__What is needed__: Exactly reproduce the lines of the listing below from the one containing "М'яке скло Скатертину" through the one containing "Snowman-vacc.jpg". Skip the images.

__Records__:
⟨

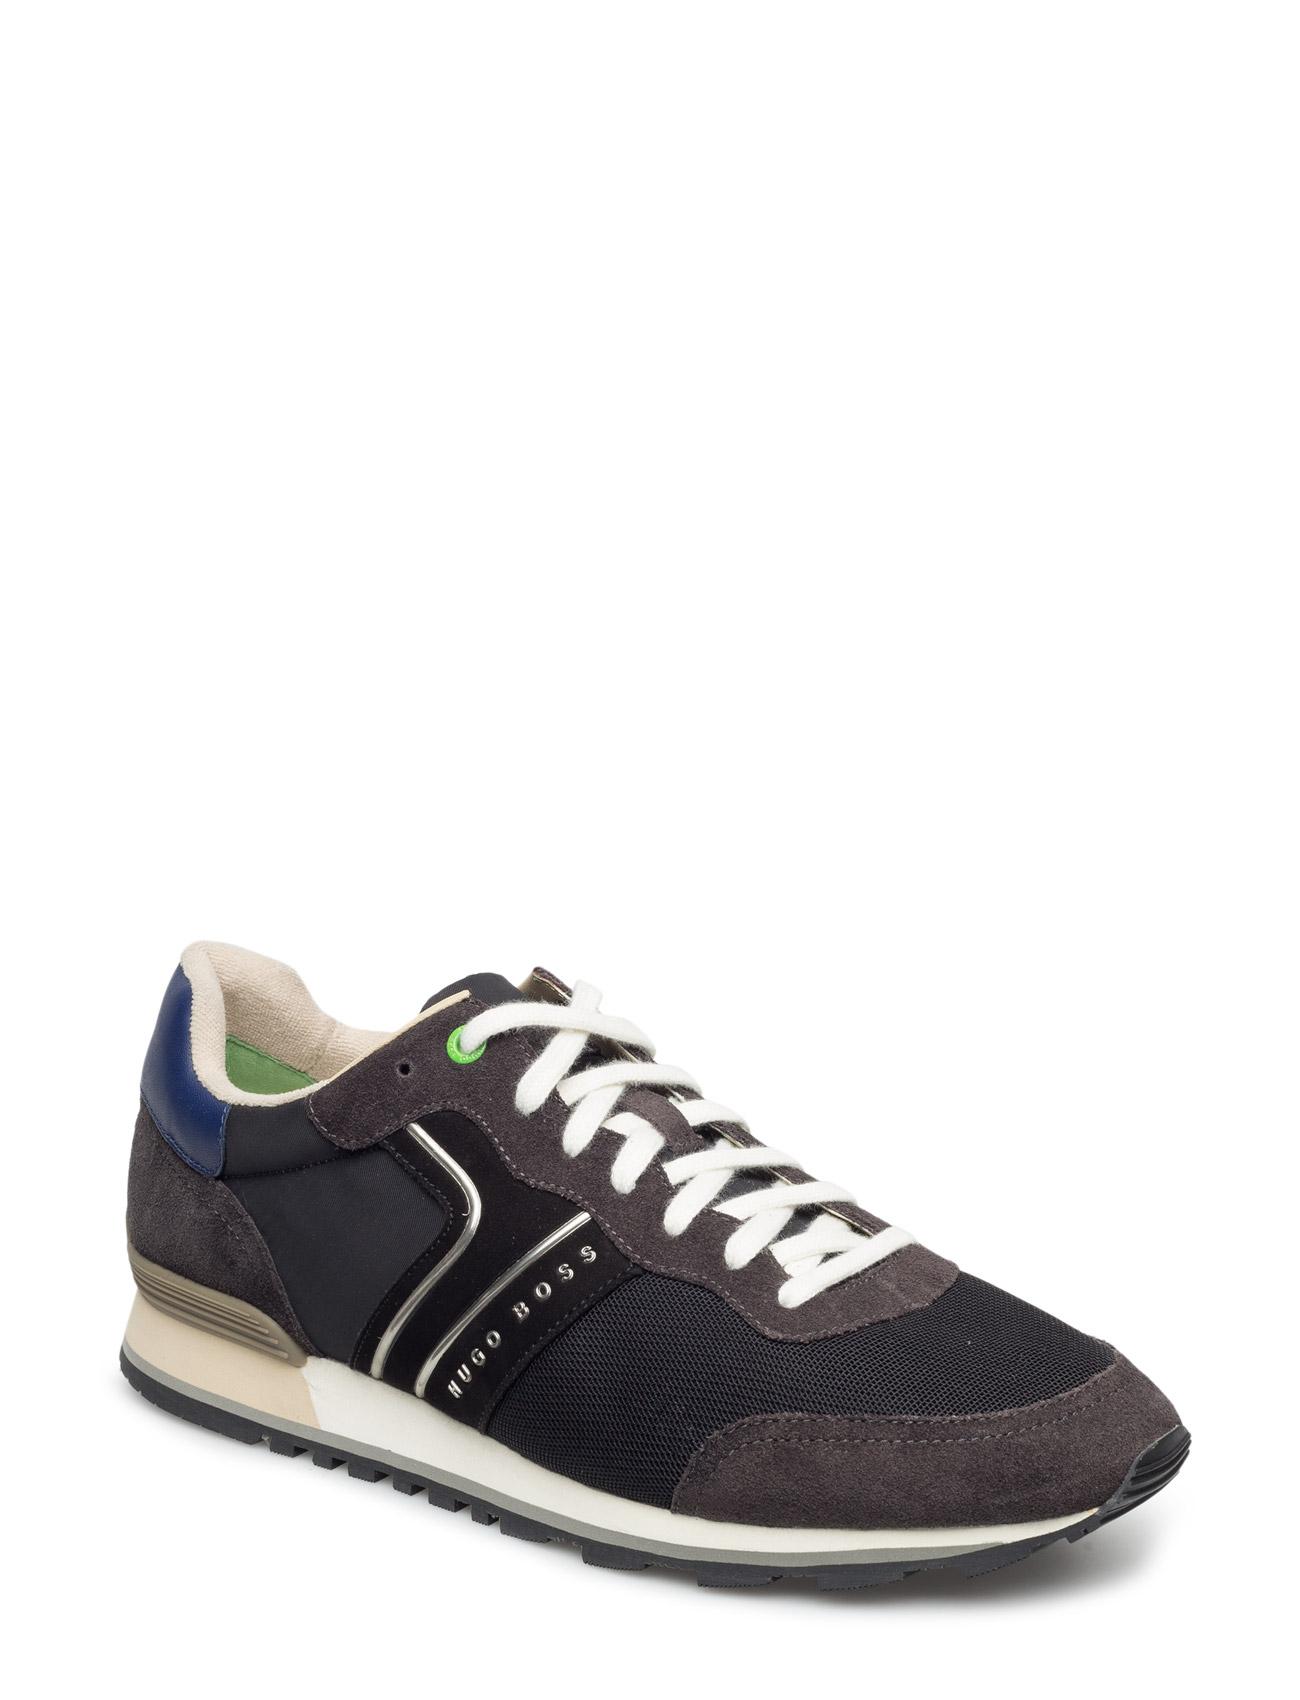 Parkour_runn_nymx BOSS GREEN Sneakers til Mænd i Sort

⟩
⟨

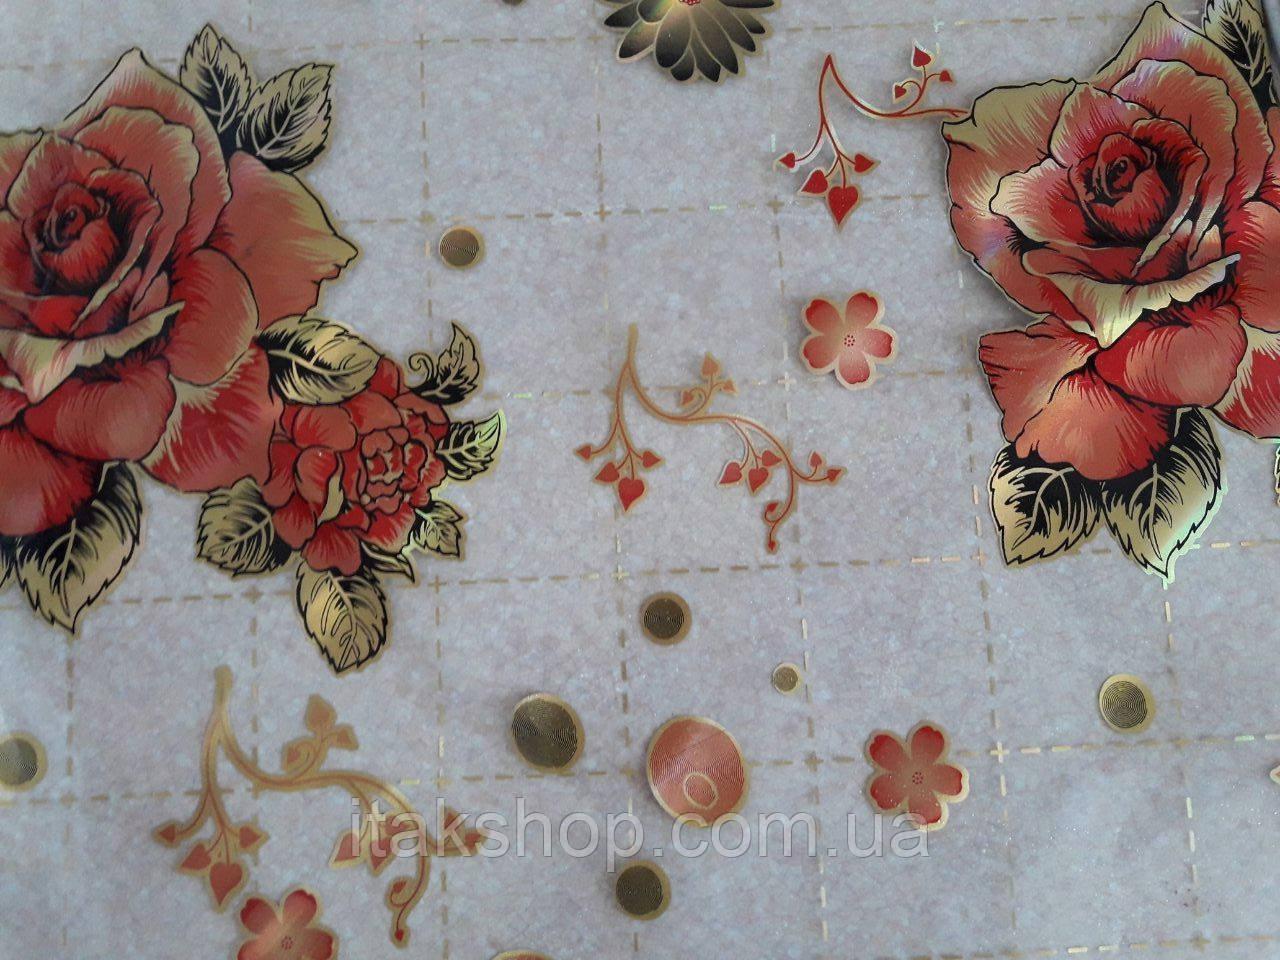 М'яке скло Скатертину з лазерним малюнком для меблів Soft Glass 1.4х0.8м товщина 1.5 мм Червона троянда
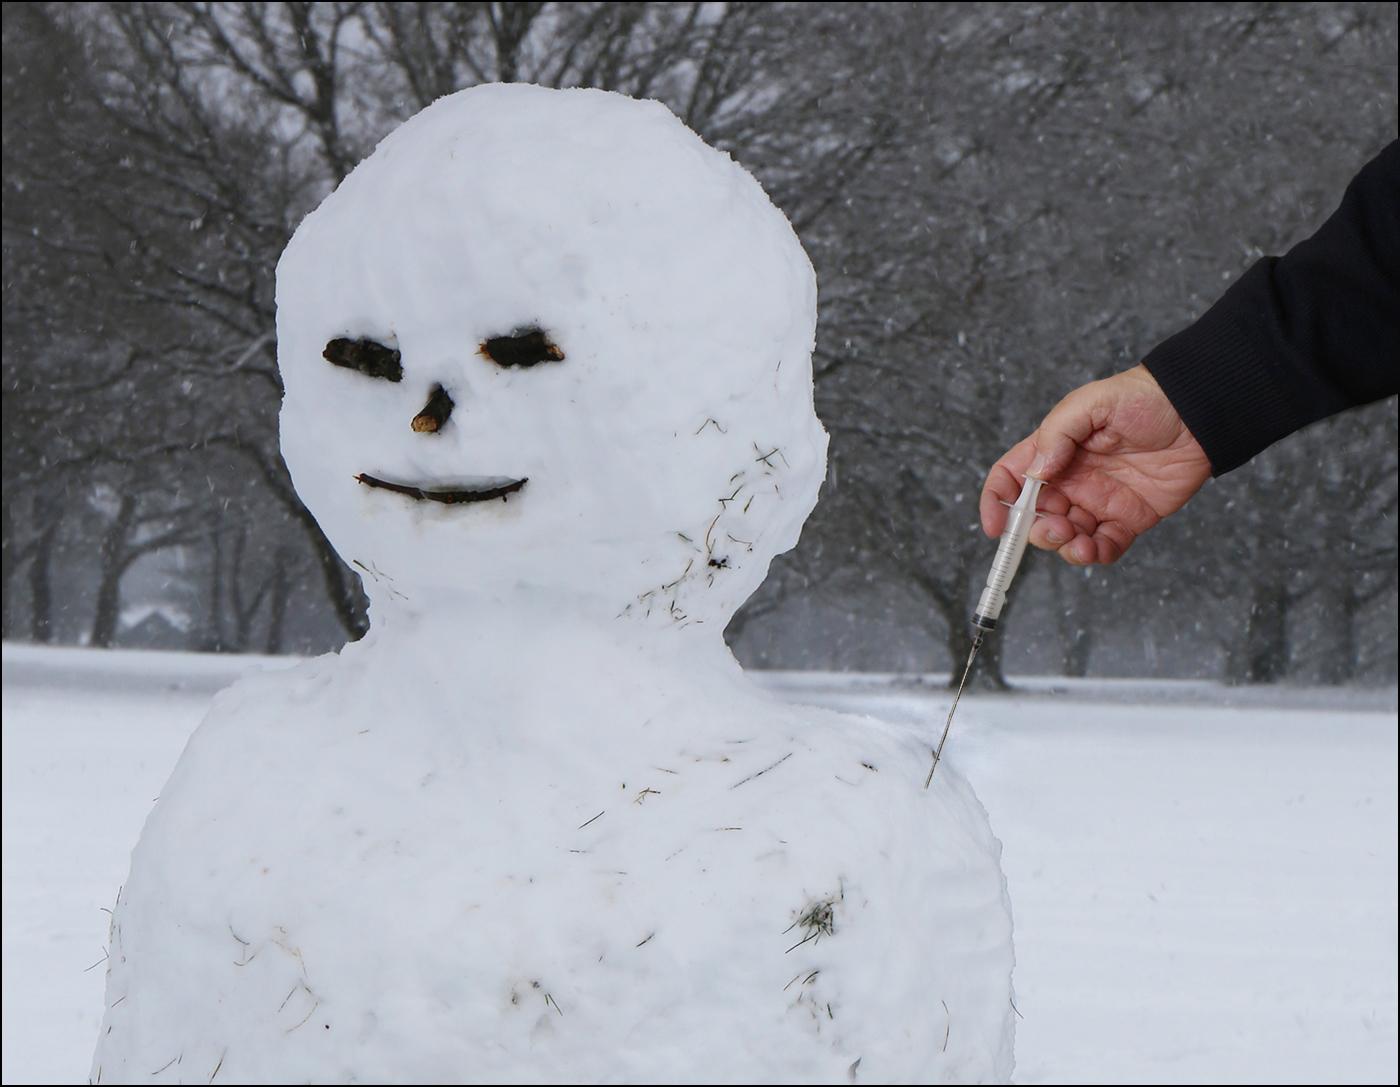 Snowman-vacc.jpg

⟩
⟨

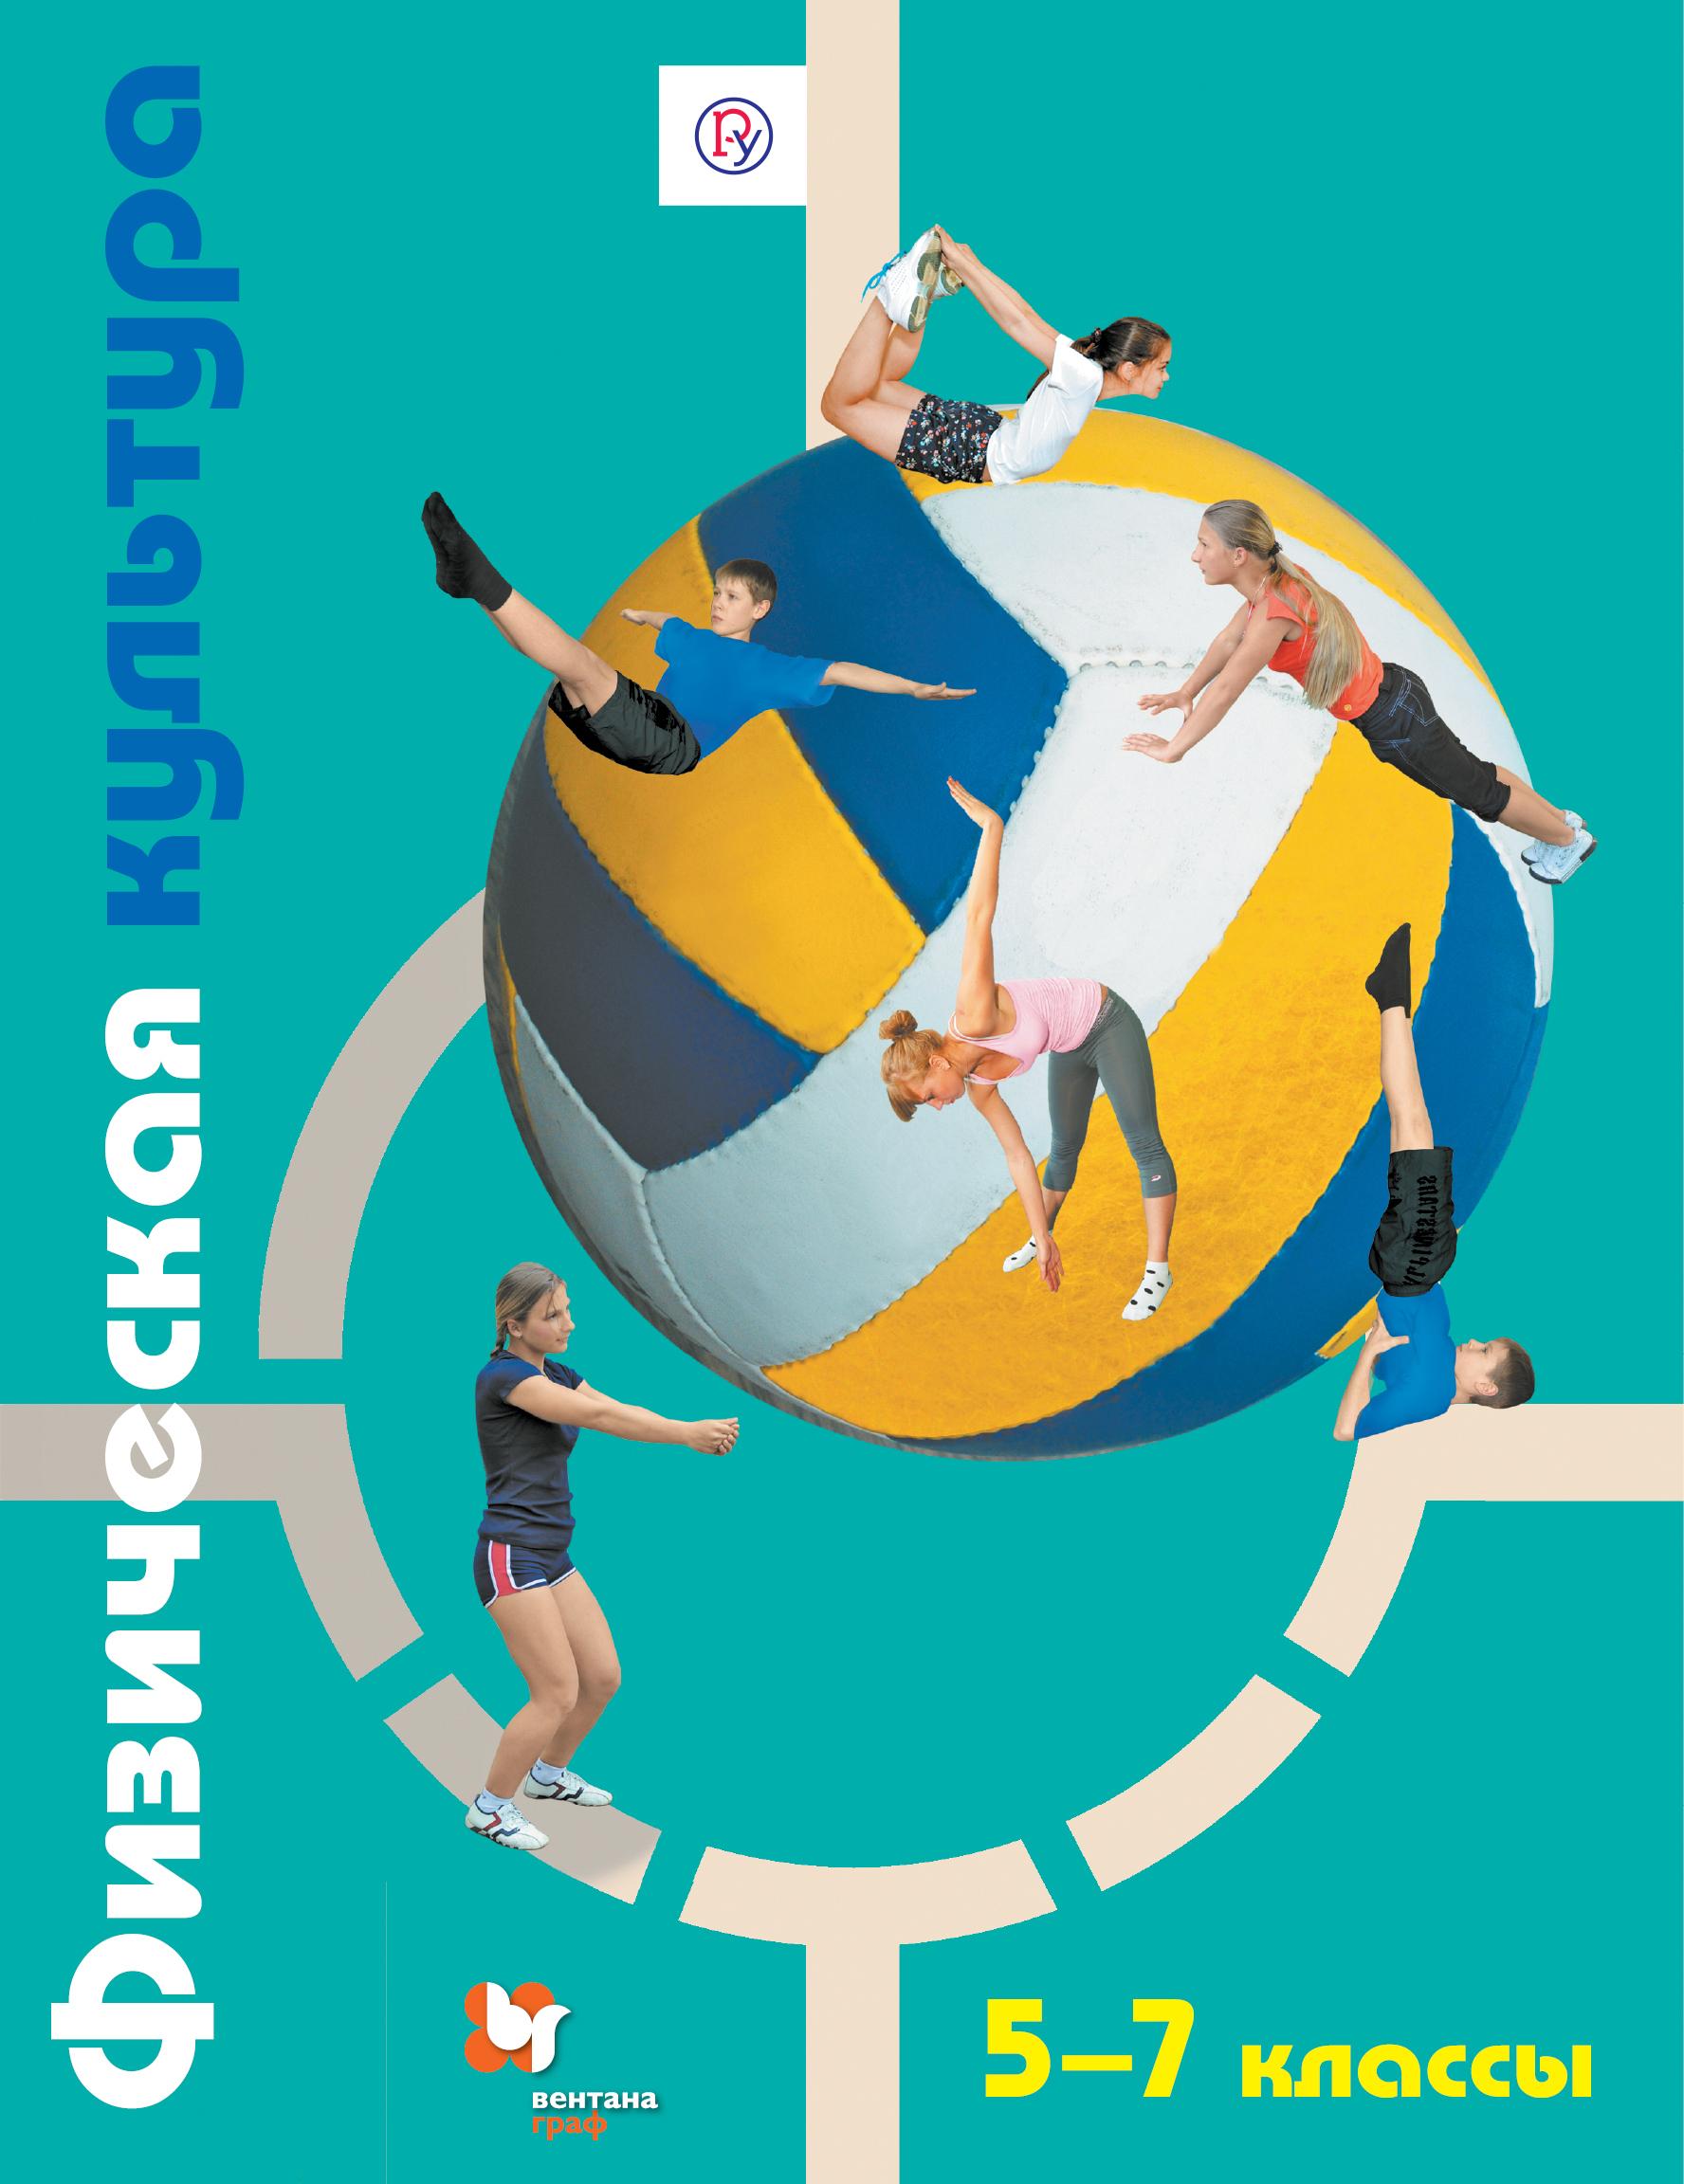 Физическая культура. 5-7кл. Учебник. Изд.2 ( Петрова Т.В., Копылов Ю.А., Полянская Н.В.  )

⟩

__Answer space__:
 М'яке скло Скатертину з лазерним малюнком для меблів Soft Glass 1.4х0.8м товщина 1.5 мм Червона троянда
 Snowman-vacc.jpg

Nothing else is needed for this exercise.